One man, Frishkoff recalls, attacked the problem very pragmatically. He came into the office one day, called in his key people and asked them, "If I had been hit by a truck this morning and died, how would you handle it?" Then he went home and asked his family the same thing. He culled through their ideas, picked out the best, added some of his own and wrote up a simple interim plan.

An interim plan for sudden succession should include the family head's advice on:

Who the interim successor should be. Should an outside CEO be hired? Should a family management team take over? A spouse? A child?

A proposal for the disposition of the business. Should it be sold? Should the family get more involved?

Who should be called on to help set the direction of the company. The plan should provide a list of the business's trusted advisors.

Key success factors that should be watched and monitored. Cash flow? Payroll compared to revenue?

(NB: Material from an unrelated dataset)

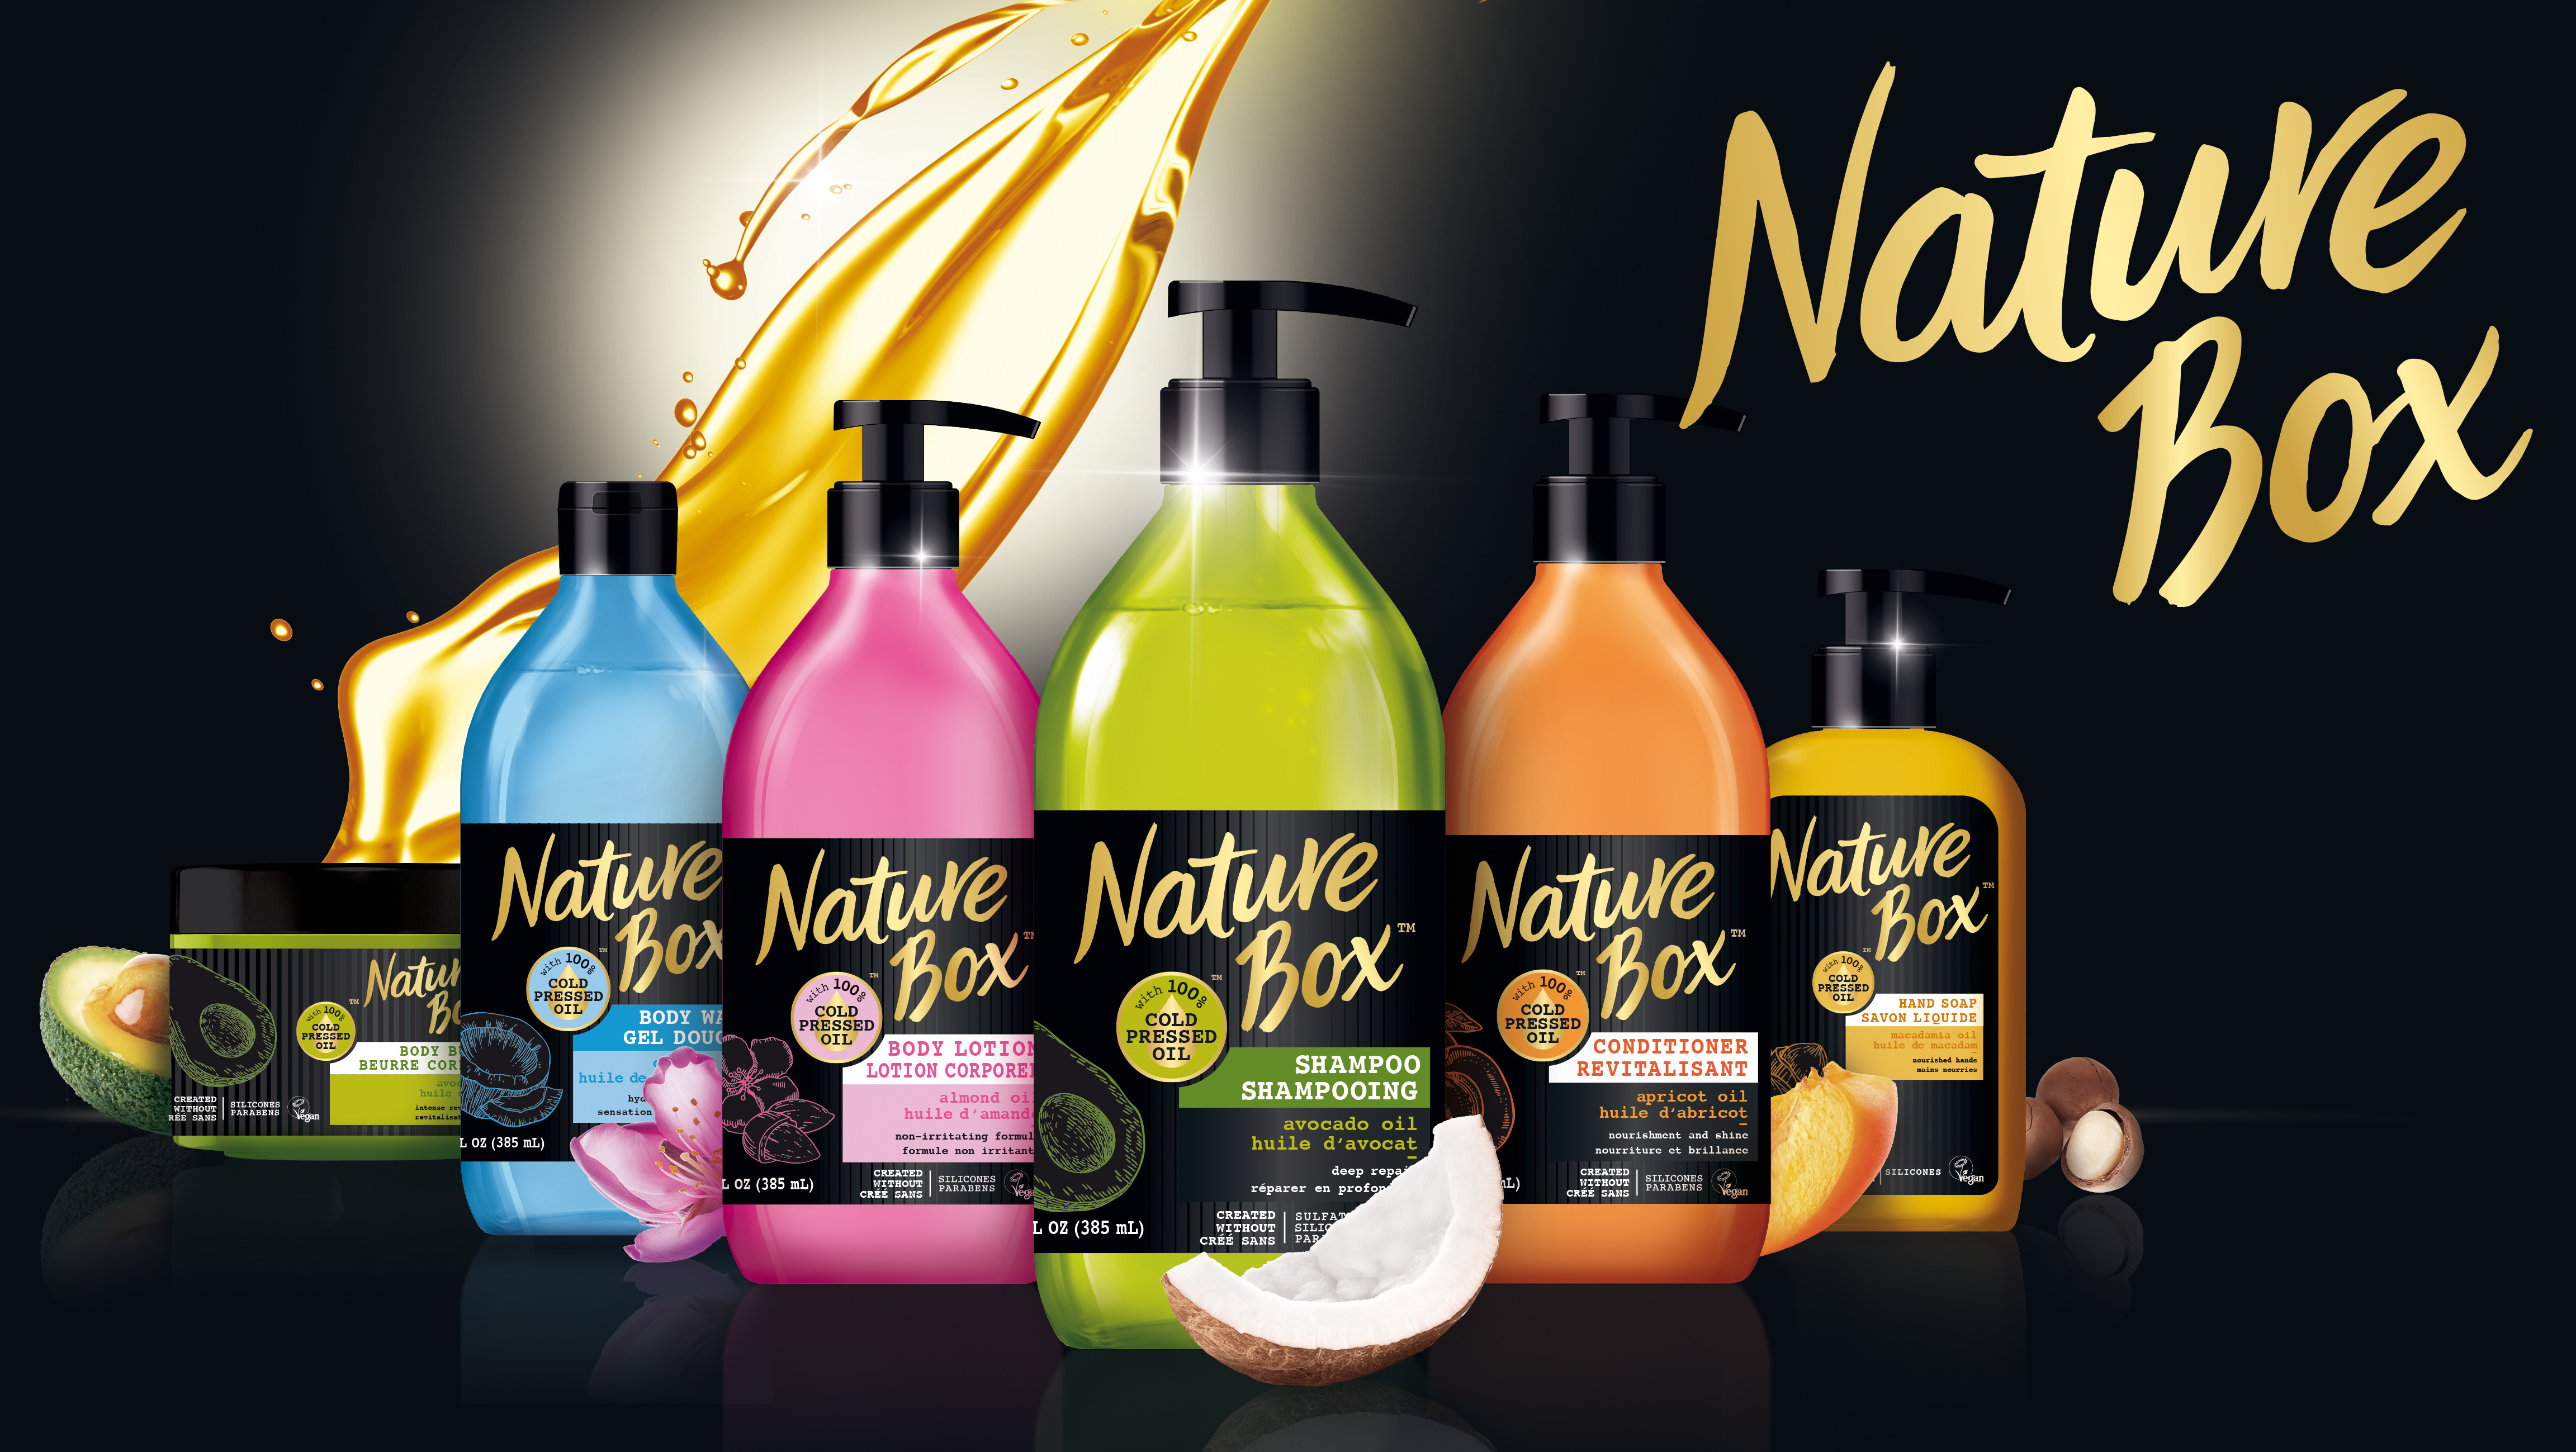 Natural box. Shampoo brands. Nature Box Henkel hair Oil. Шампунь авокадо натуре бокс. Nature Box Avocado Oil Butter 200ml.
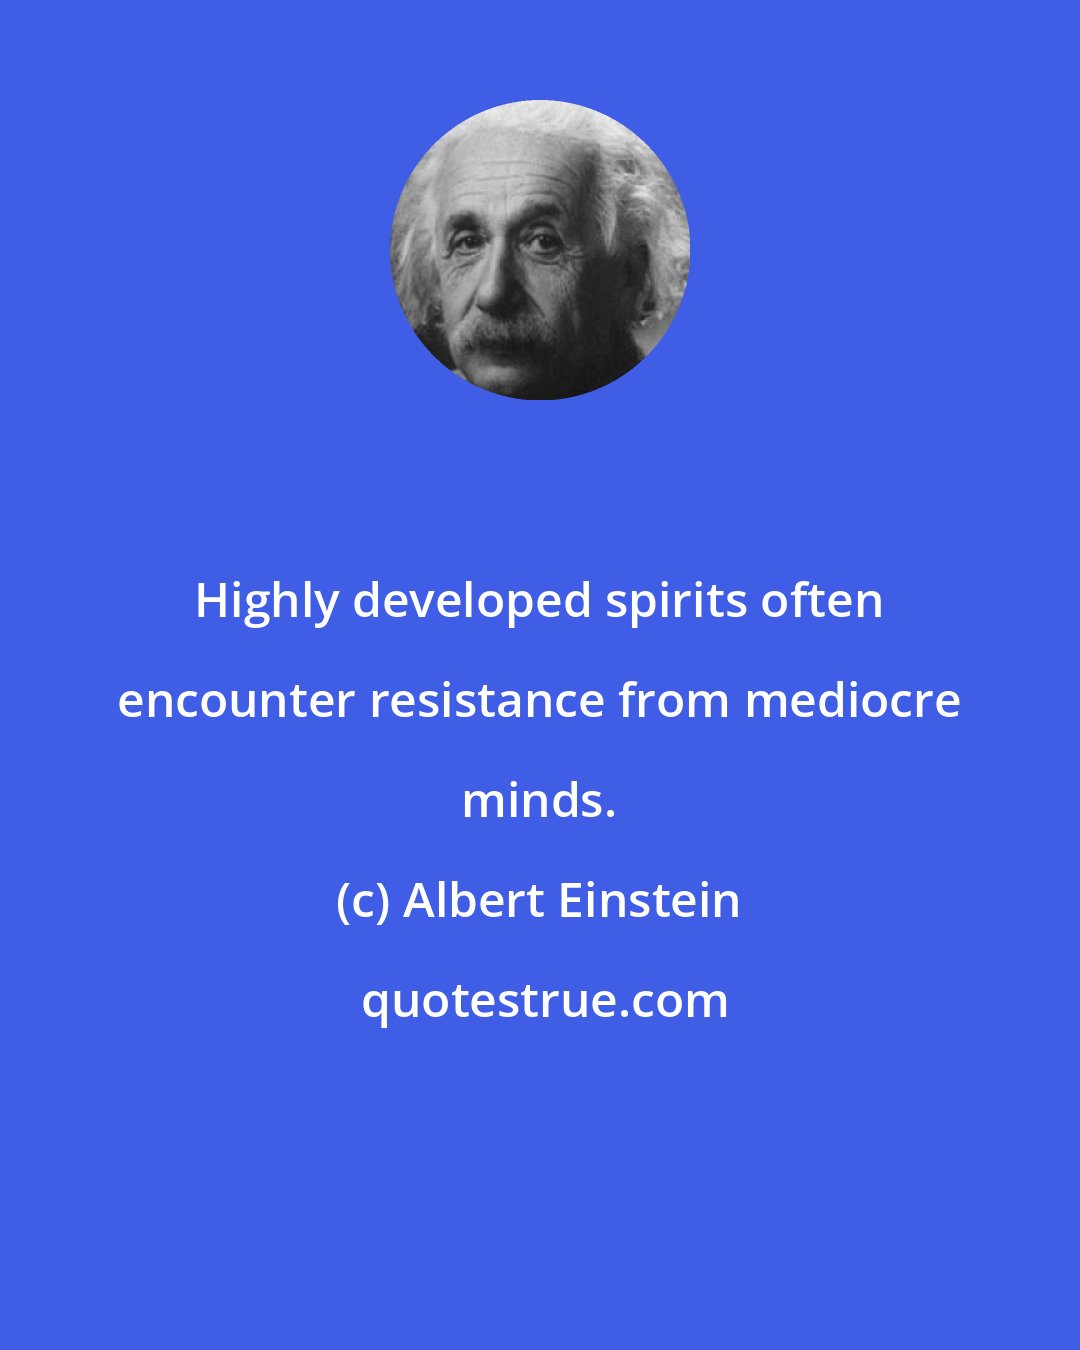 Albert Einstein: Highly developed spirits often encounter resistance from mediocre minds.

Pre-tax profits? Average time of receivables? Variations in a good customer's order?

Location of important documents and who has access to them. Estate documents, life insurance policies, official company records and so on.

Sources of cash. If a business owner is incapacitated but alive, life insurance does not kick in, and disability insurance pays only minimally. Where can the family go to get money immediately?

A personal statement setting forth the guiding principles on which the family runs the business.

For help getting started in writing your own succession plan, turn to two useful resources: Action Checklist for the Family Business Owner/Manager and Action Checklist for the Spouse of the Owner/Manager. These two checklists are available from the Austin Family Business Program, Oregon State University's College of Business, Corvallis, OR 97331 for $10 each. The checklists don't provide you with answers, but they clue you in on what you must do to prepare for sudden death or disability.